The Environmental Permitting Regulations 2016 (EPR) address waste management and pollution prevention together with the permitting of activities. These largely apply to businesses involved in the waste and water sector but also apply to manufacturing, power generation, radioactive substances, mining, flood risk activities and pig and poultry farming.
Currently, breaches of the EPR can be dealt with as a criminal offence by way of warning, formal caution or prosecution, or by civil sanction in the form of an enforcement undertaking. There are no monetary civil penalties available for such breaches in the majority of cases.
The consultation invites views on increasing the scope of civil penalties so that the EA can issue VMPs for breaches of the EPR.

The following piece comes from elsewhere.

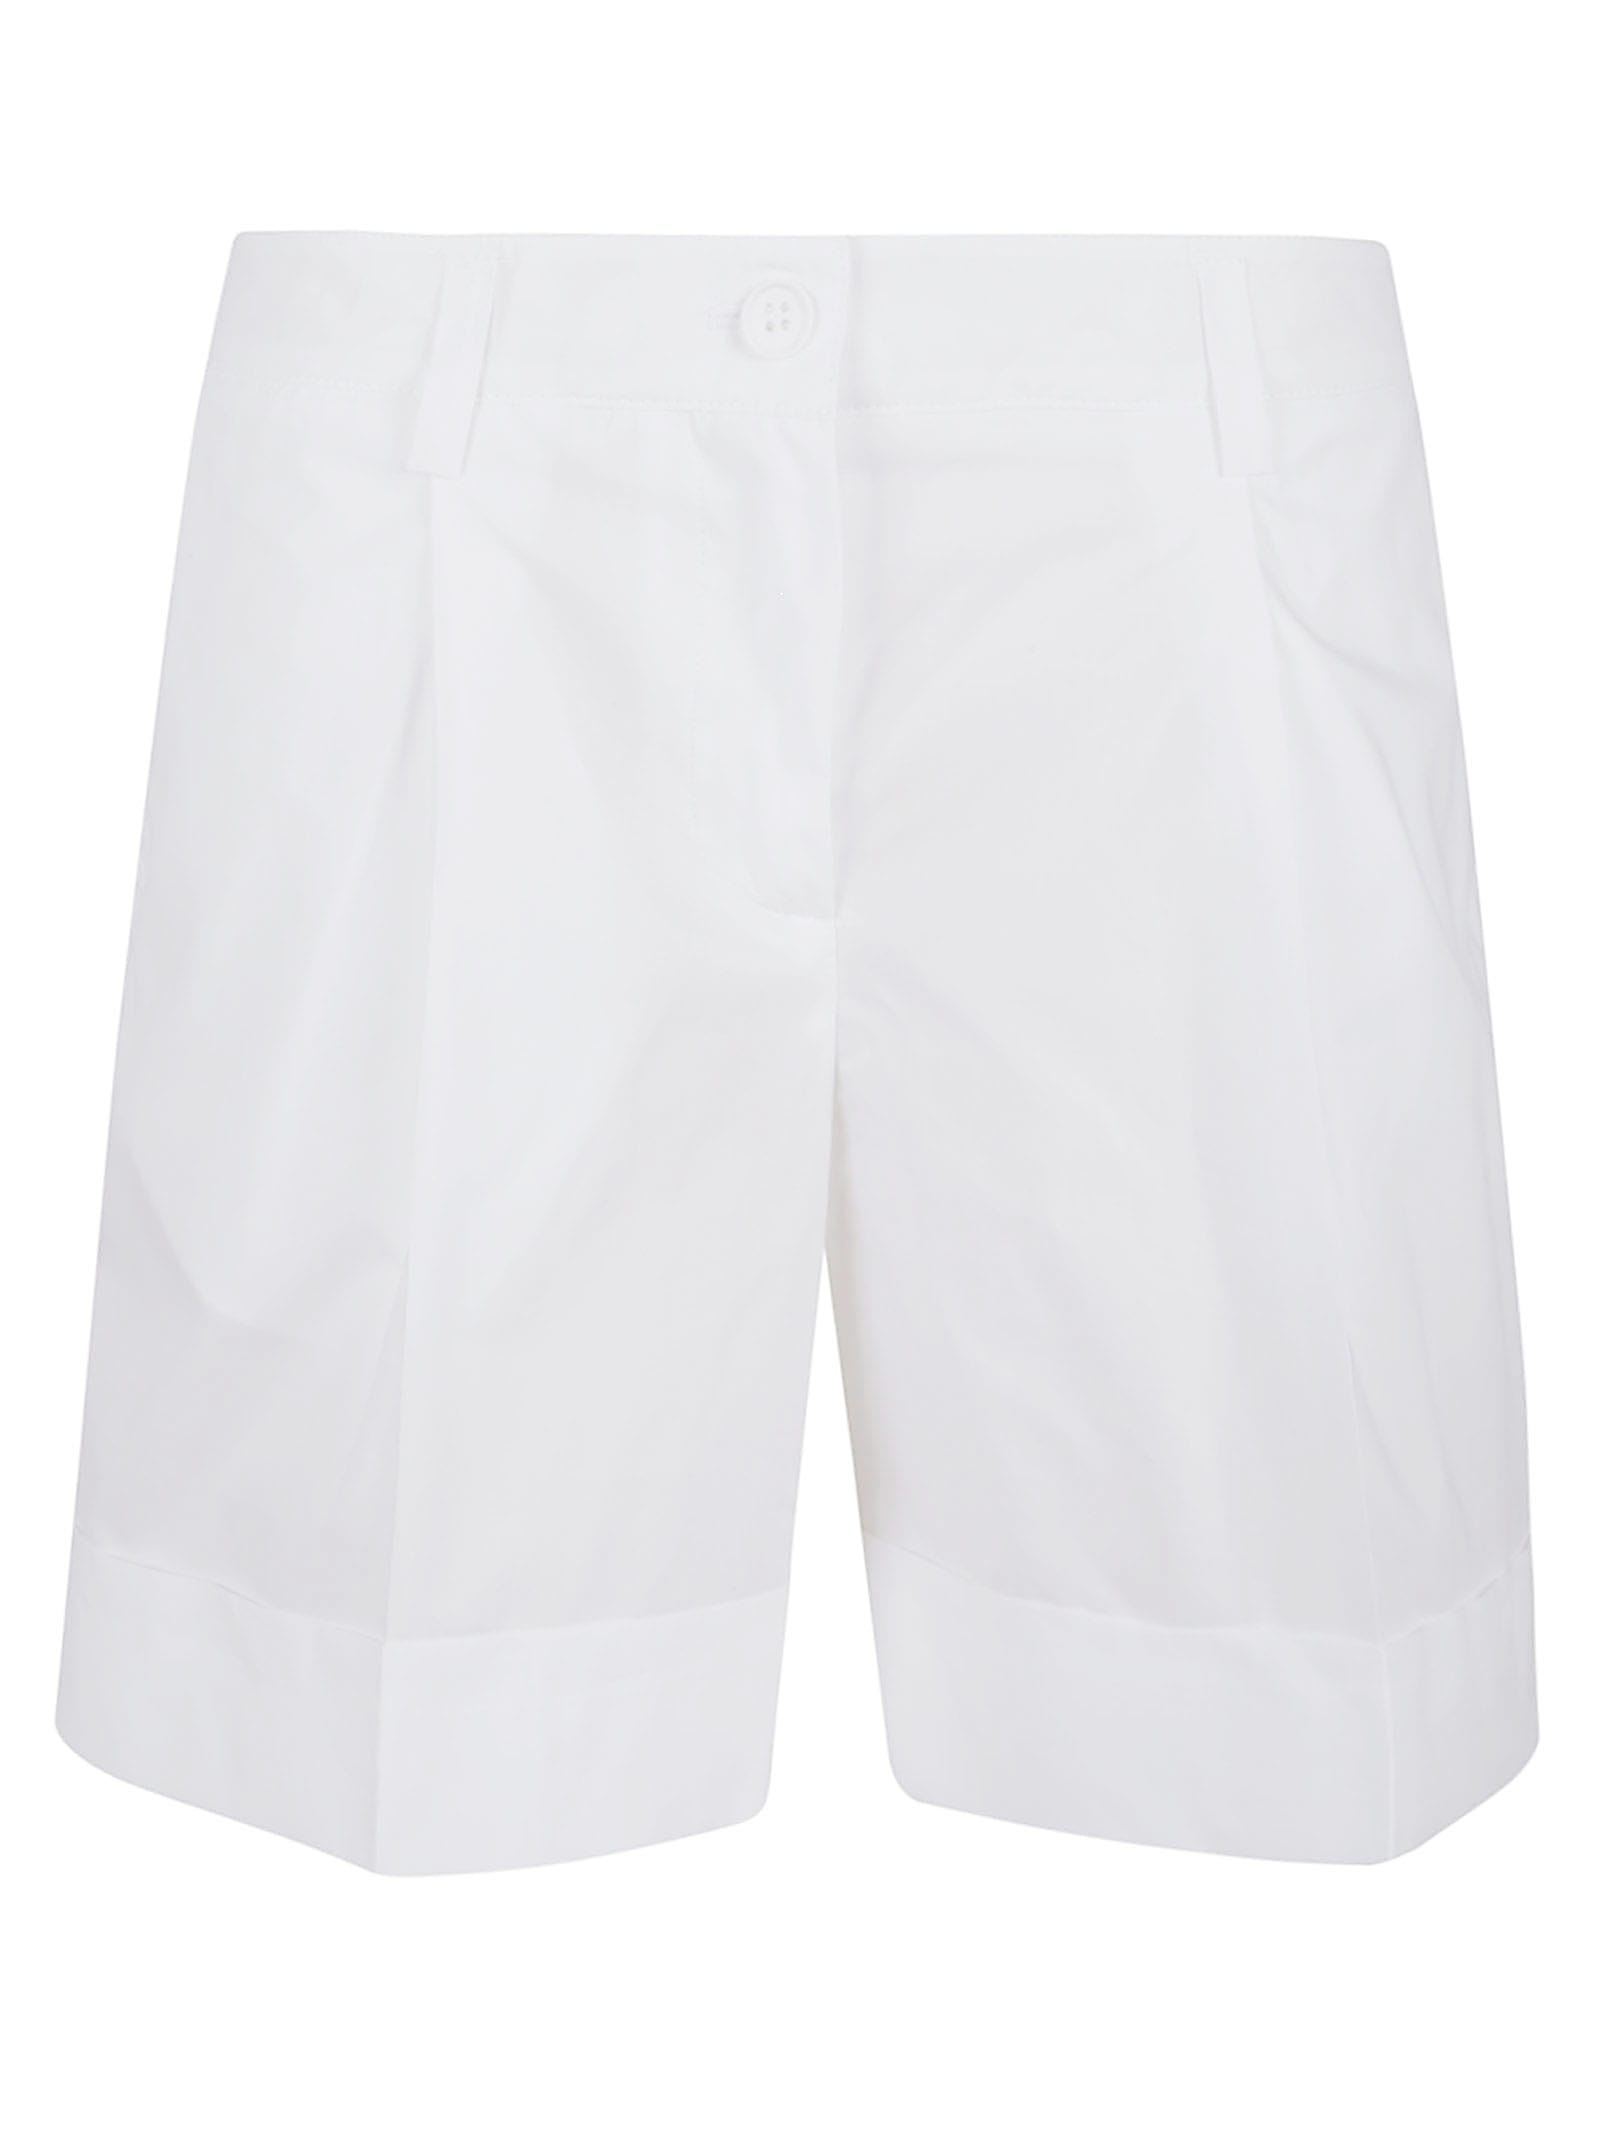 Parosh White Cotton Shorts

This is likely to lead to increased civil penalties in this area, which is a cause for concern for companies due to the limited opportunities to respond and appeal as outlined in relation to the VMP cap increase (see above).
No one would argue that those who damage the environment should not be held to account. The current mechanism to do so for serious offences is to bring criminal proceedings. The marked increase in the level of fines that we have witnessed, including noticeably £135m in 2021 imposed on Southern Water, indicates that the judiciary has responded to the risks posed by environmental offences.
However, the civil process has the advantage for the EA that it requires a lot less evidence gathering, is quicker and the proceeds of fines go to their bank account not the governments. Duty holders will be concerned that this is a rough and ready form of justice that does not afford them the same due process and procedural protection as the criminal system.
If you would like to share your views on the proposed changes you can provide input via the Department for Environment Food & Rural Affairs' Consultation Hub.
Any responses need to be submitted before the consultation closes on 15 May 2023.